Pinging for review; I'm hoping we can improve our _BitInt support with these changes (that I'm unqualified to review myself).

Adding some more reviewers for x86 who were helping with prior reviews in this area.

Thanks @aaron.ballman for helping out with the reviewers!

Is this to address @arsenm's comments at https://reviews.llvm.org/D126644#3581469?

Yes, this PR introduces the hooks into TargetTransformInfo so targets can decide when/if the lowering needs to occur.

The tests are too prolix to check the correctness and it's fragile to use so many registers. I suggest we remove those tests and just do run-time time in llvm-test-suite.

FreddyYe added a comment.EditedAug 29 2022, 6:49 AM

I created one single source demo test: https://reviews.llvm.org/D132850, which is BitInt(256) divide test.

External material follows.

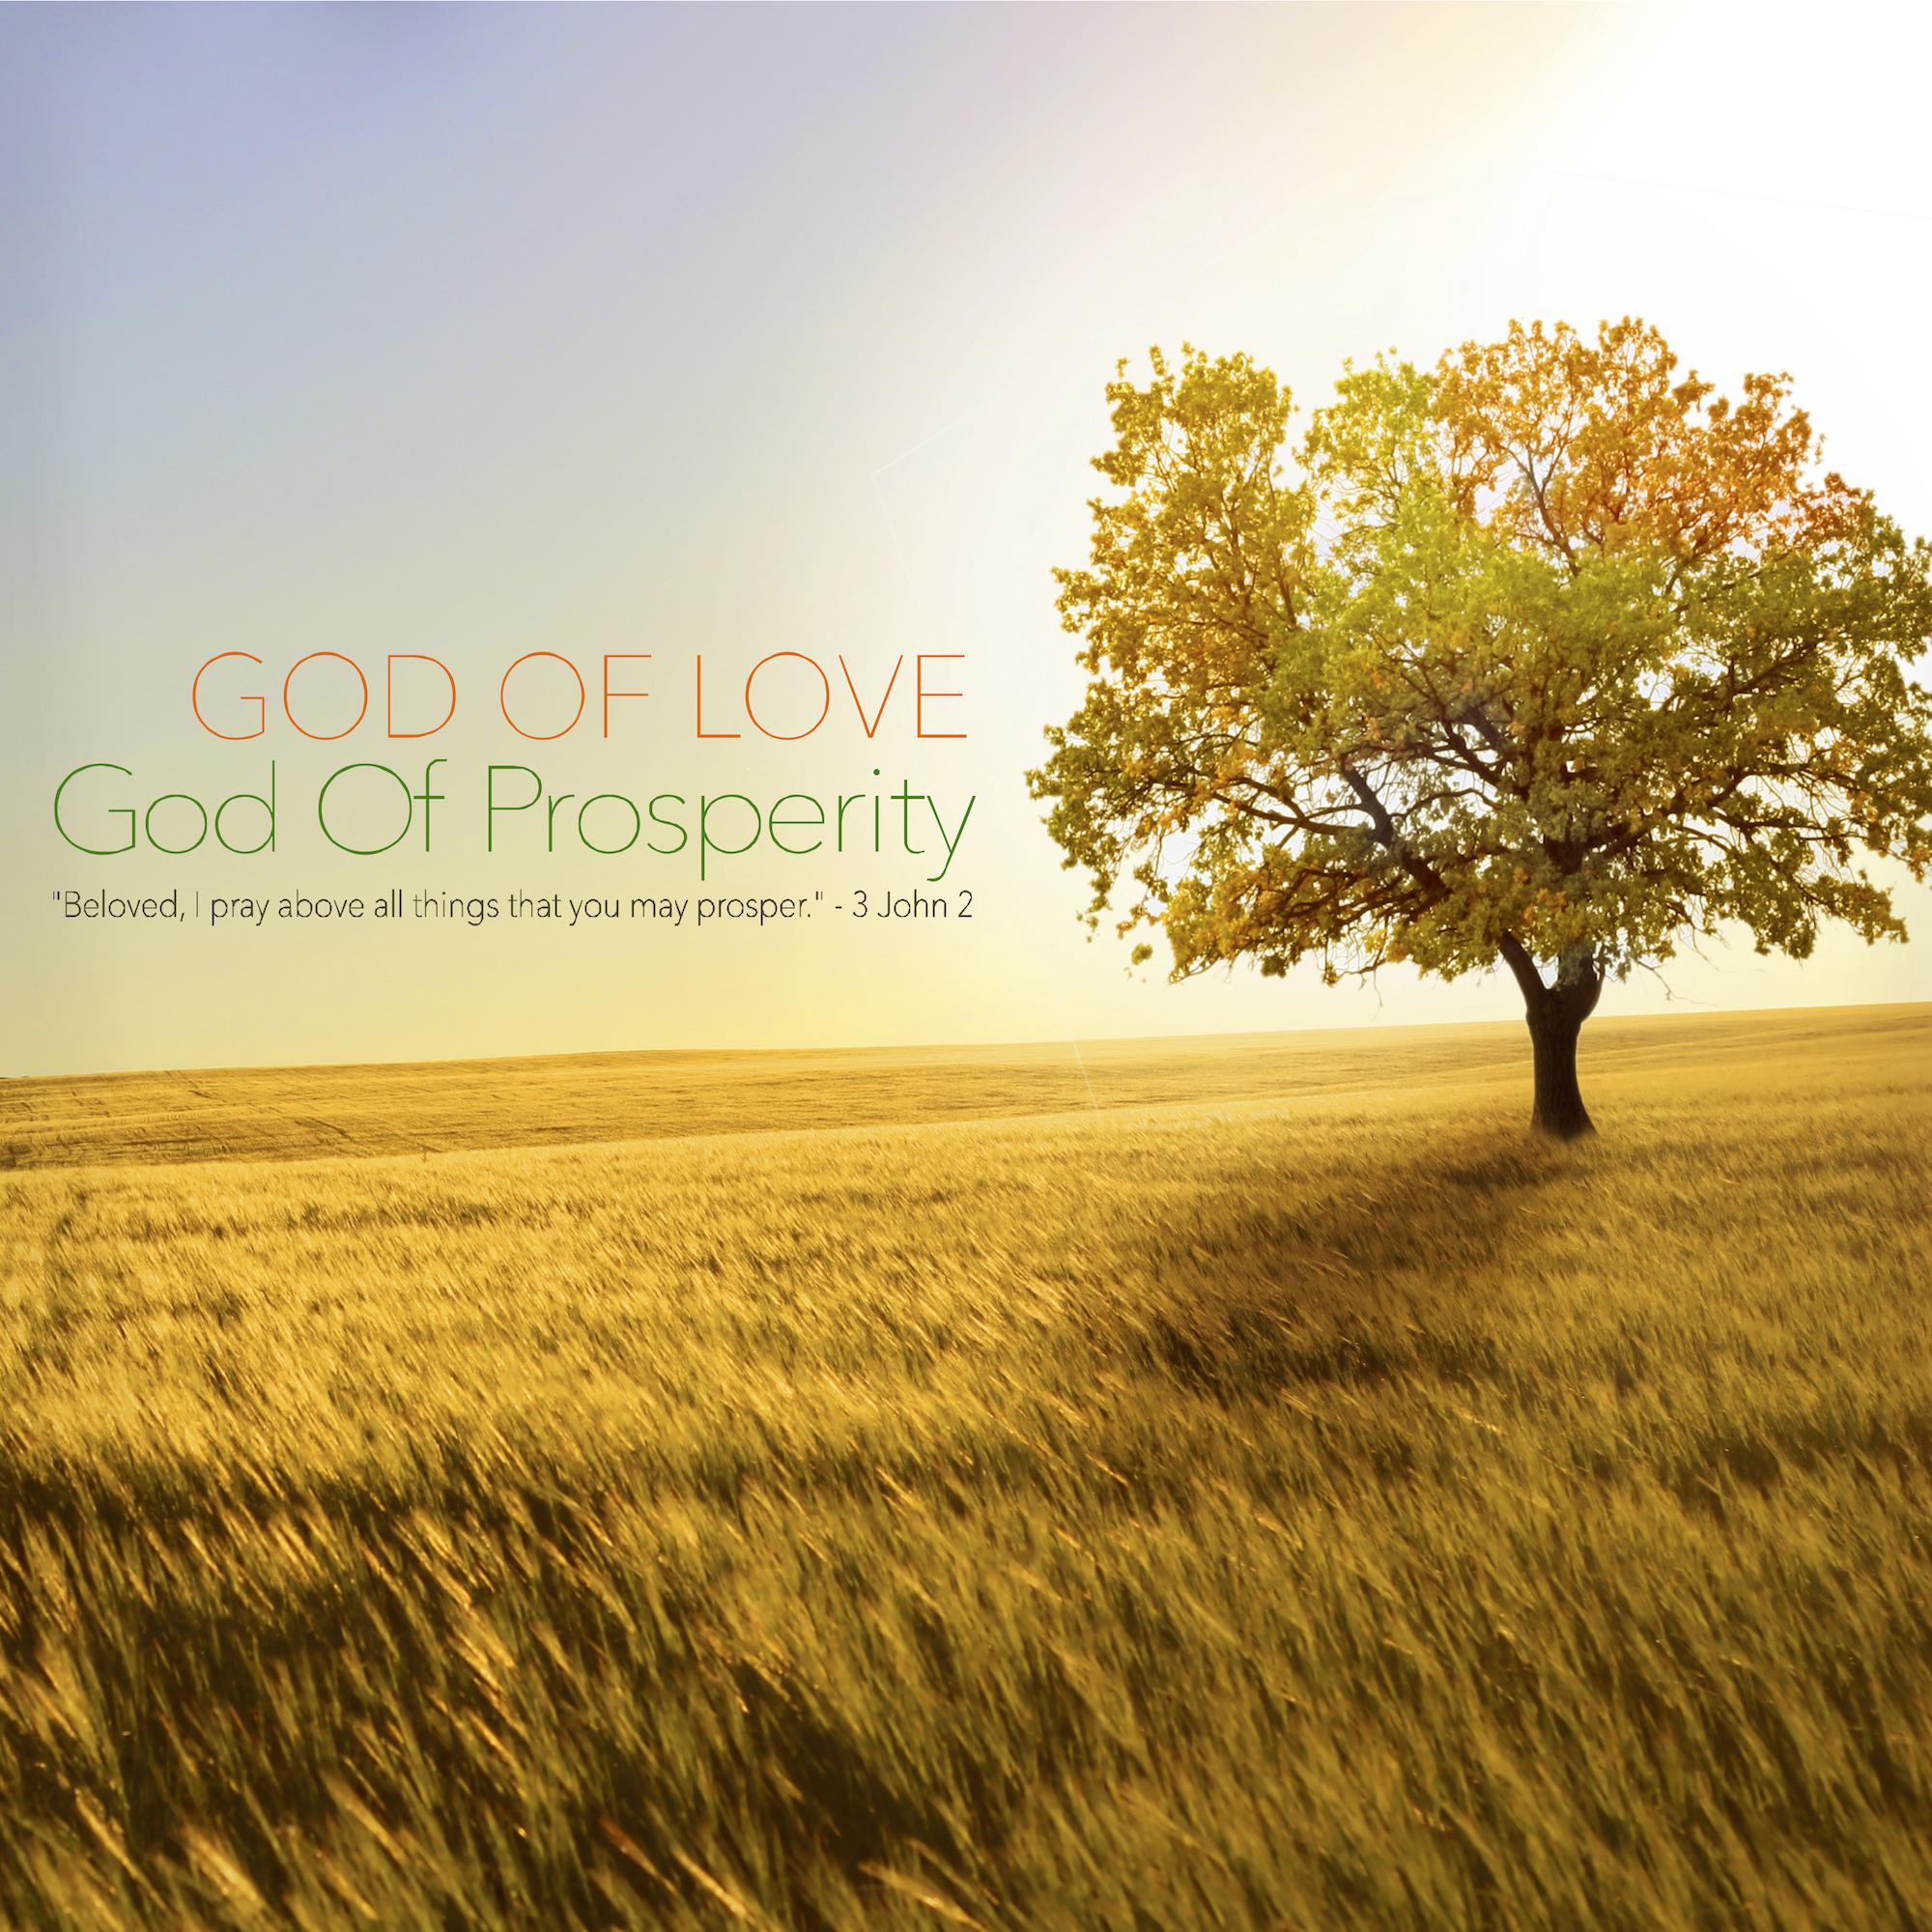 God Of Love God Of Prosperity.jpg

Unit tests should be able to cover the pass and easy to review, @mgehre-amd will it help, WDYT? I can help extend the tests if it's the right direction.

The tests are too prolix to check the correctness and it's fragile to use so many registers. I suggest we remove those tests and just do run-time time in llvm-test-suite.

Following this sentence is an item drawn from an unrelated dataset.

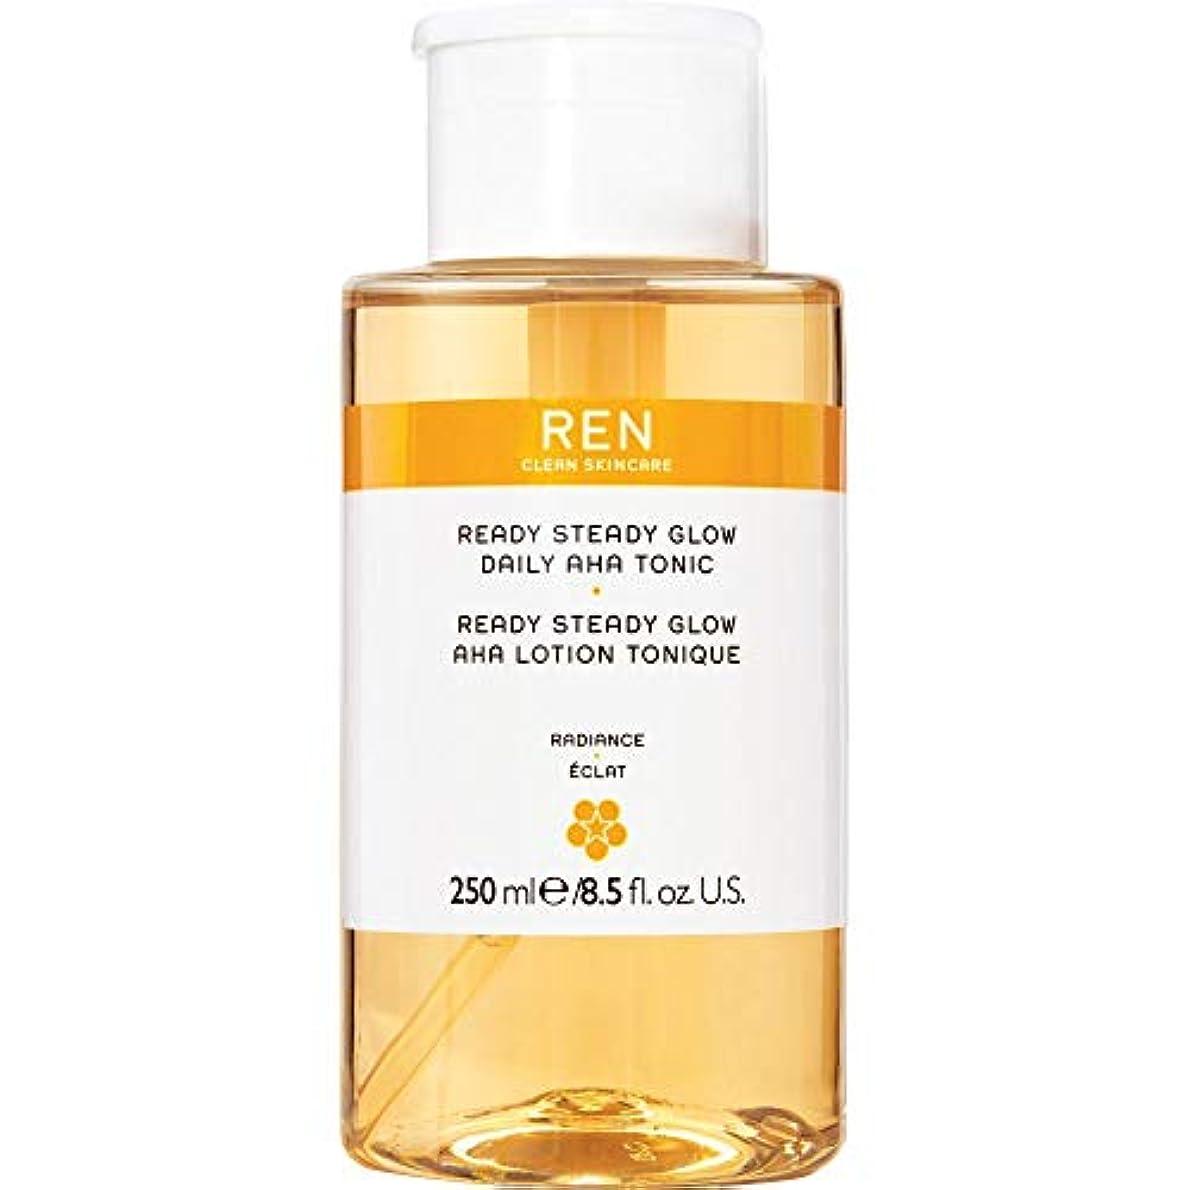 フェローシップ多様なバスト[REN] 準備ができて安定したグロー毎日Ahaの強壮剤の250ミリリットルをRen - REN Ready Steady Glow Daily AHA Tonic 250ml [並行輸入品]

Yes, you are right. I will restrict the IR tests to maybe just check for the absence of a call instructions? And at least to check that llc doesn't assert like it used to do.

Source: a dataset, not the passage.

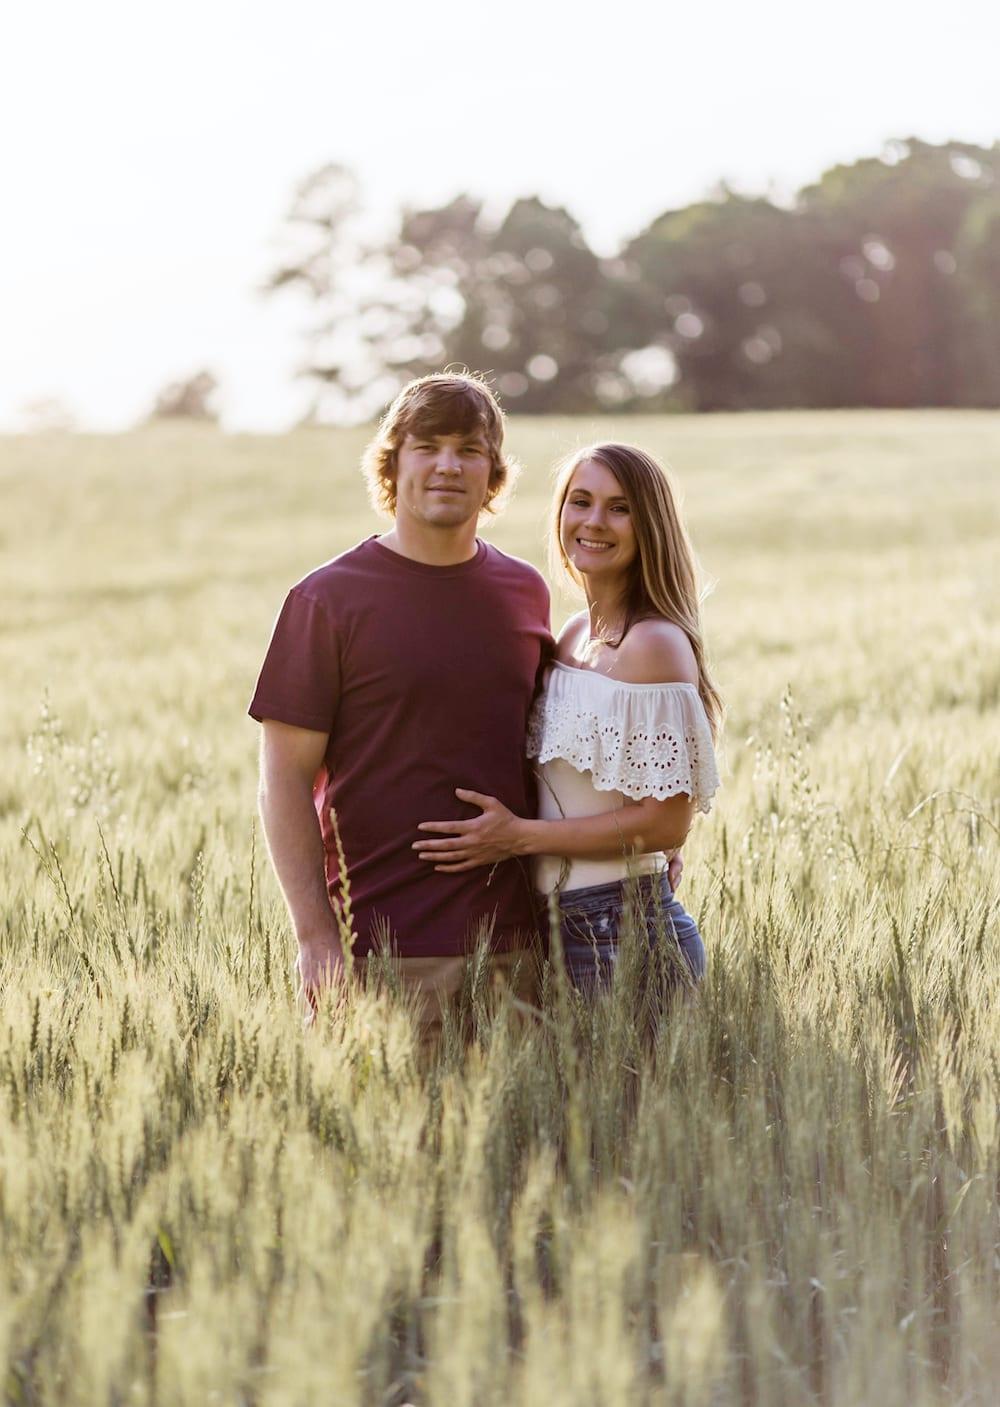 Trey Andrews and Lauren Gunter

I created one single source demo test: https://reviews.llvm.org/D132850, which is BitInt(256) divide test. Unit tests should be able to cover the pass and easy to review, @mgehre-amd will it help, WDYT? I can help extend the tests if it's the right direction.

Thank you, this looks like the right approach!

The tests are too prolix to check the correctness and it's fragile to use so many registers. I suggest we remove those tests and just do run-time time in llvm-test-suite.

Yes, you are right. I will restrict the IR tests to maybe just check for the absence of a call instructions? And at least to check that llc doesn't assert like it used to do.

Yes, checking no call instructions sounds good.

  • Simplified tests to only check for NOT: call
  • Rebased on main
  • Disable expand-large-div-rem when the second operand of div/rem is a power-of-two constant. For those, the backend has peephole optimizations, see llvm/test/CodeGen/X86/i128-sdiv.ll
  • Updated new test since rebasing:
    • llvm/test/CodeGen/X86/div-rem-pair-recomposition-signed/unsigned.ll, llvm/test/CodeGen/X86/i128-udiv/sdiv.ll: Those tests were checking that call __divti3 was created on X86 for 128 bit divisions, which makes no sense because __divti3 is neither implemented by libgcc nor by compiler-rt on X86 in 32-bit mode.
    • Removed test llvm/test/CodeGen/X86/libcall-sret.ll: It was checking that the backend doesn't crash when emitting a 128 bit libcall on 32-bit X86. Now that we don't emit calls to __divti3 on X86 anymore, there is no 128 bit libcall left to reproduce the issue.
    • llvm/test/CodeGen/X86/pr38539.ll: Removed X86 section from f(); the comment says that f() is targeted at 64-bit mode- In 32 bit mode, we would now get a urem expansion.

I just updated the runtime test(https://reviews.llvm.org/D132850) for some extension, it works correct in my local environment. But the pre-merge build seems to not work correct, and I'm afraid if there are some Endian issues in my code. Anyway, it can be refined later.

FreddyYe accepted this revision.Sep 6 2022, 1:35 AM

LGTM. Thanks @mgehre-amd for your great work to implementing this feature!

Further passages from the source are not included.